A natureza pessoal do espetáculo pode ainda ser detectada na preocupação em olhar para o passado (a Cia. do Latão tem se debruçado sobre a década de 1970, como, recentemente, na montagem de O Patrão Cordial, apropriação da peça O Senhor Puntilla e seu Criado Matti, de Bertolt Brecht) sem perder o presente de vista. Ao longo de Os que Ficam, determinadas questões que atravessam o tempo vêm à tona, como a importância de abordar a realidade de maneira dialética, não maniqueísta, a noção limitada de cultura, desvinculada da experiência política, e a busca por uma representação justa do homem comum, muitas vezes retratado de forma tipificada, distante da humanidade, a partir de um interesse sincero pelo outro, da tentativa de se afastar de uma perspectiva autocentrada.
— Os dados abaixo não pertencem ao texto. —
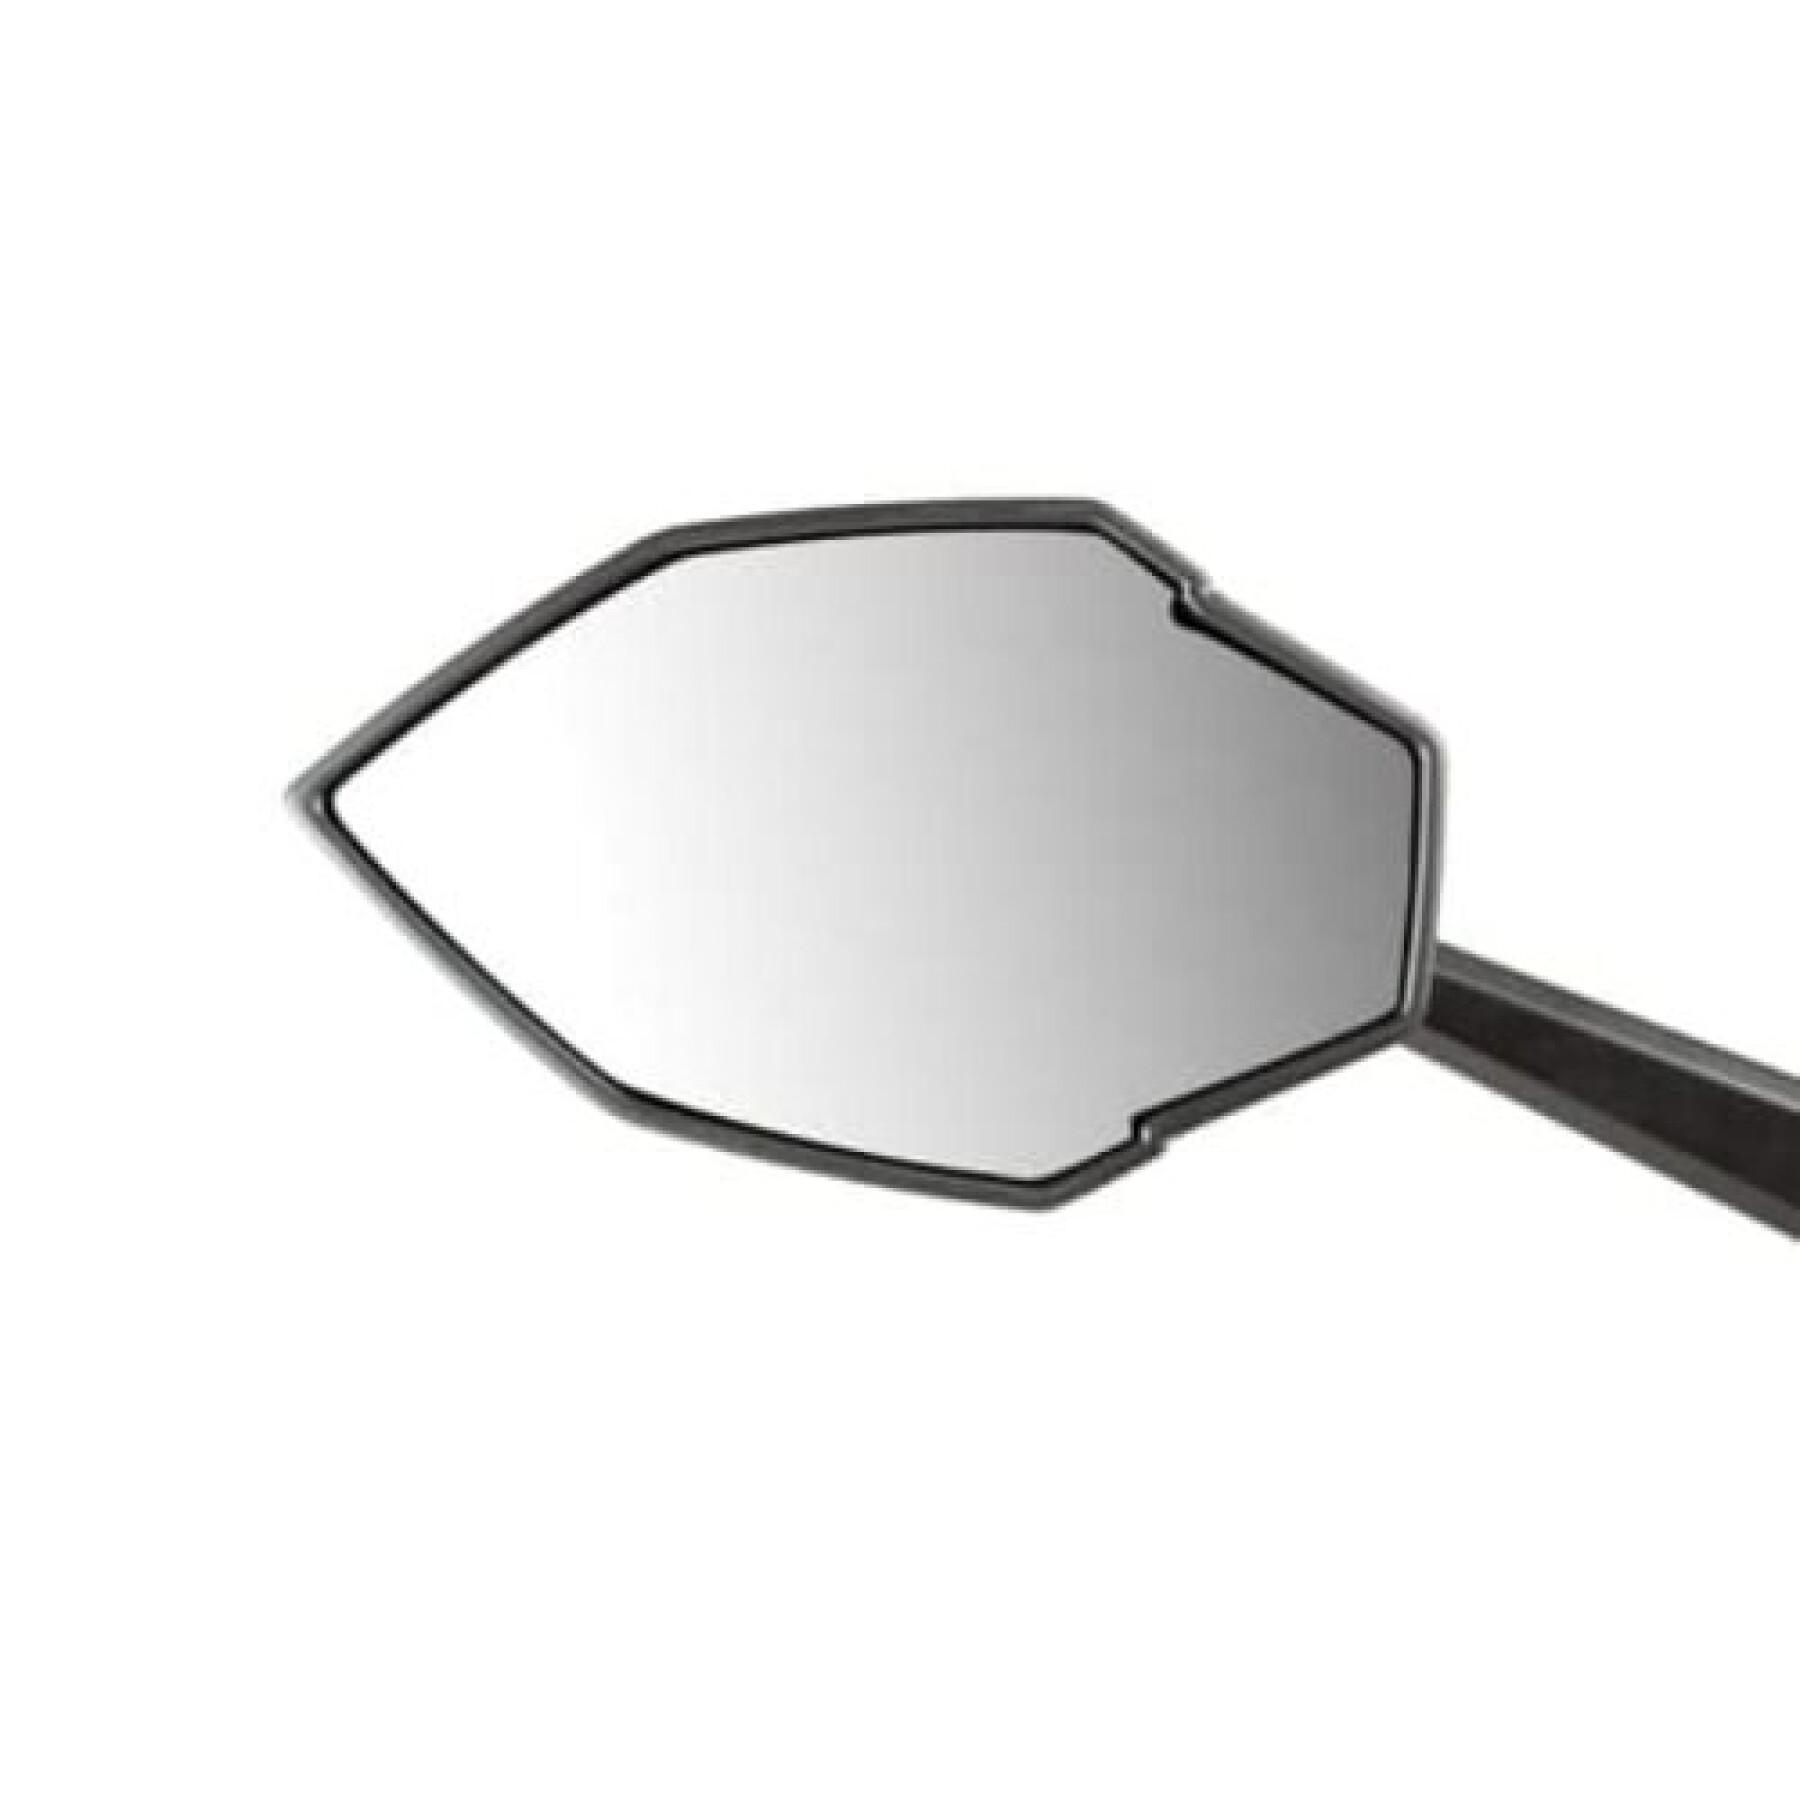 Reversible approved motorcycle mirror Chaft skyline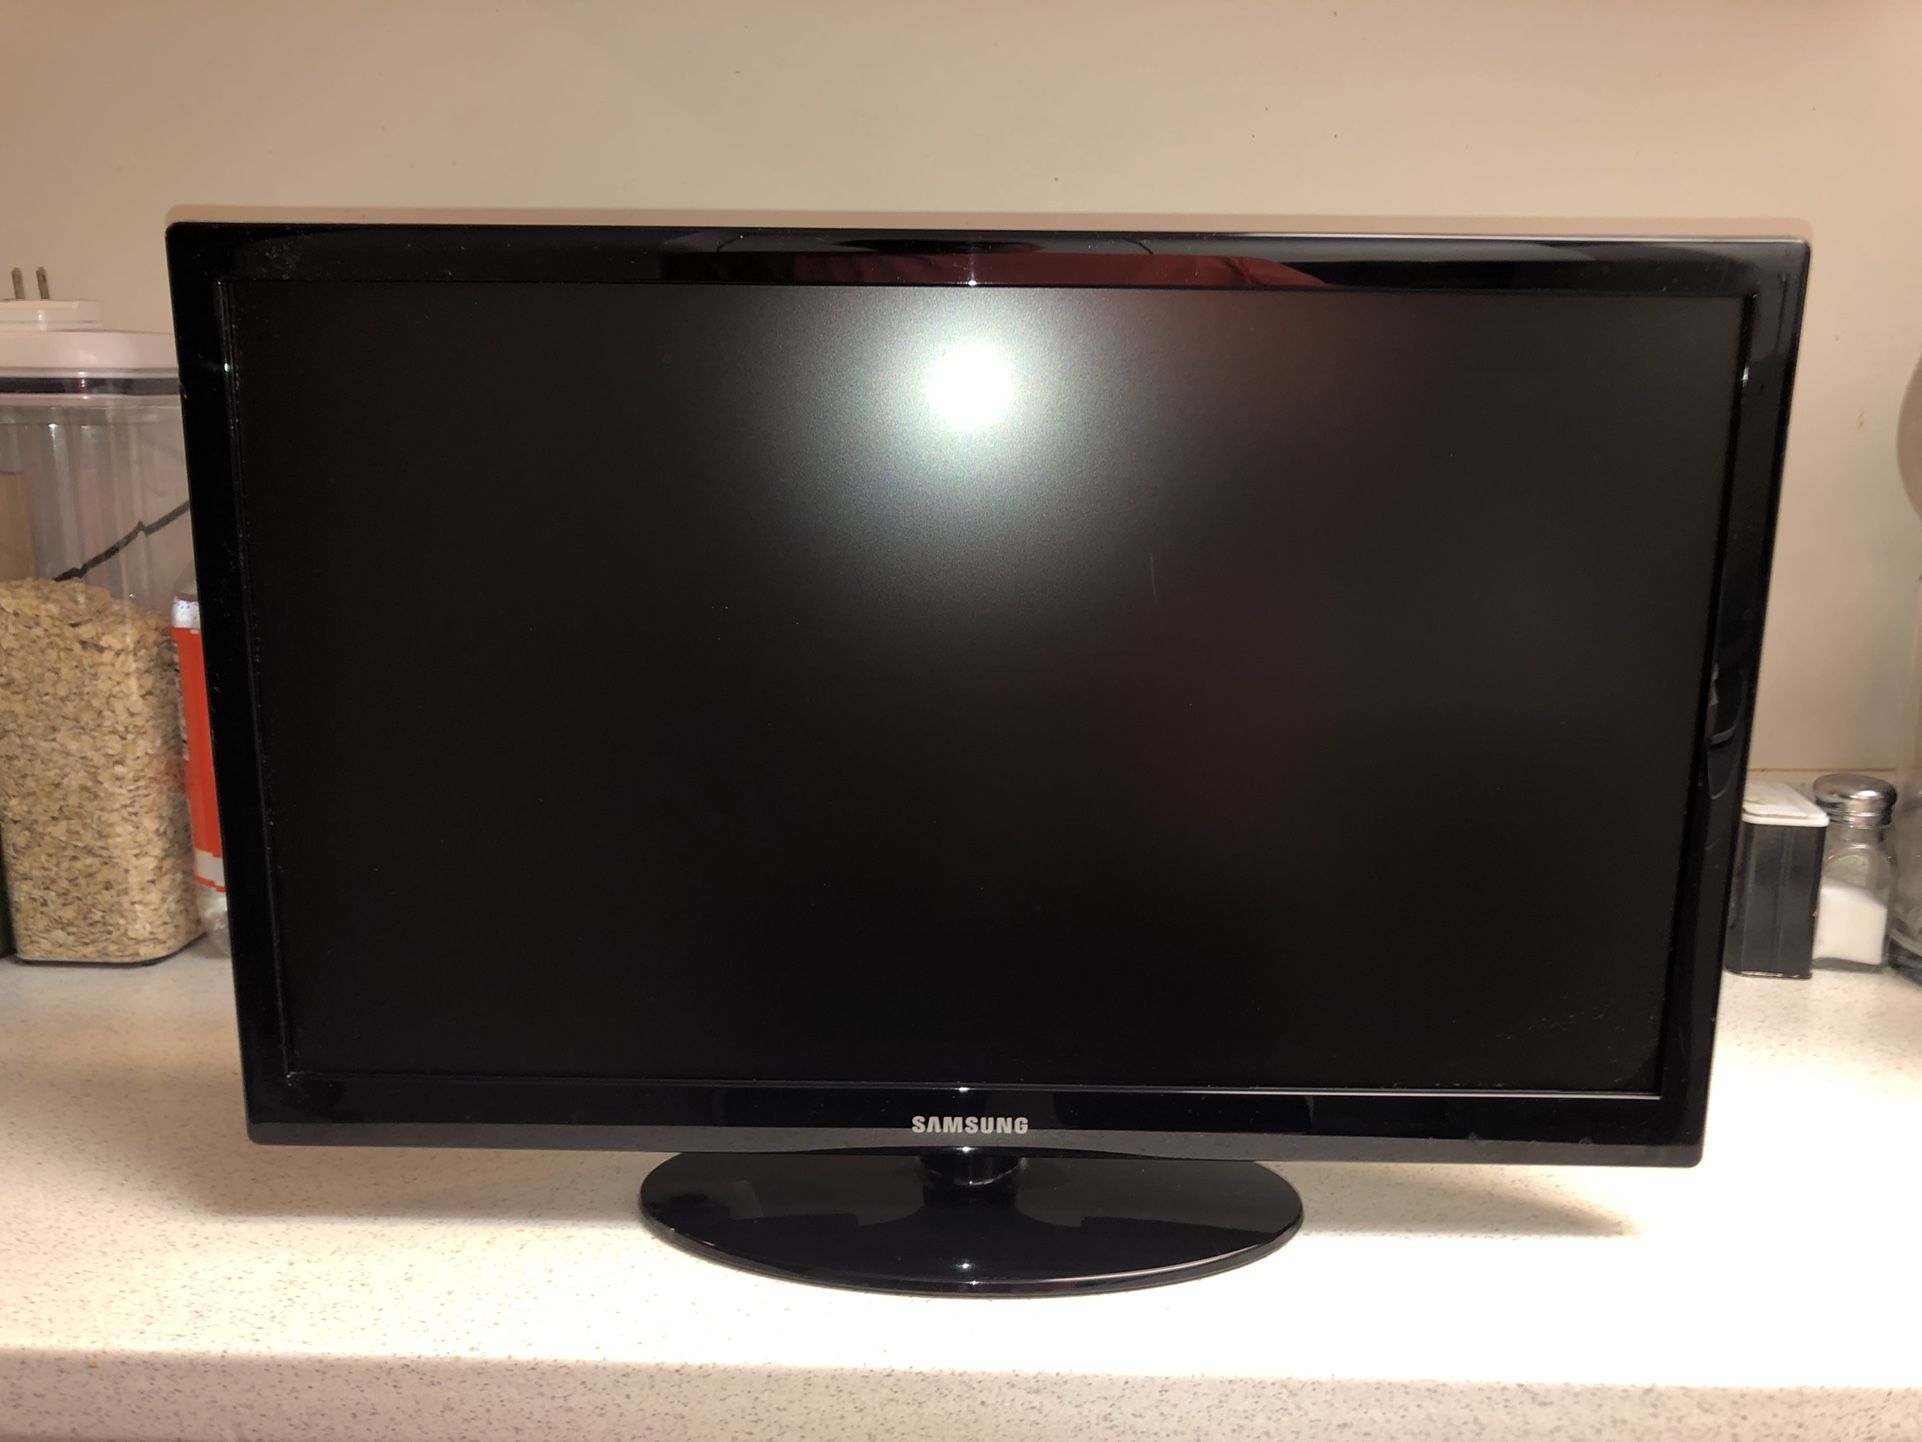 Samsung 22-inch LED LCD TV/Monitor w/ remote

Os que Ficam, como os espetáculos da Cia. do Latão, surge da necessidade de realização de um teatro vivo, que resulte da continuidade de uma linha de pesquisa artística, de uma articulação entre teoria e prática. Mas o caráter responsável da empreitada – próprio de um grupo que evidencia resistência ao se manter fiel aos princípios numa época em que negociação é palavra de ordem – não oculta algumas fragilidades, perceptíveis na dramaturgia (nas cenas de embate entre os atores engajados na construção de uma montagem de Revolução na América do Sul, de Augusto Boal) e no esgarçamento do espetáculo. Cabe, em todo caso, ressaltar, apesar do início claudicante, as atuações de Helena Albergaria, contundente nos instantes de enfrentamento, e Rogério Bandeira, uma presença segura.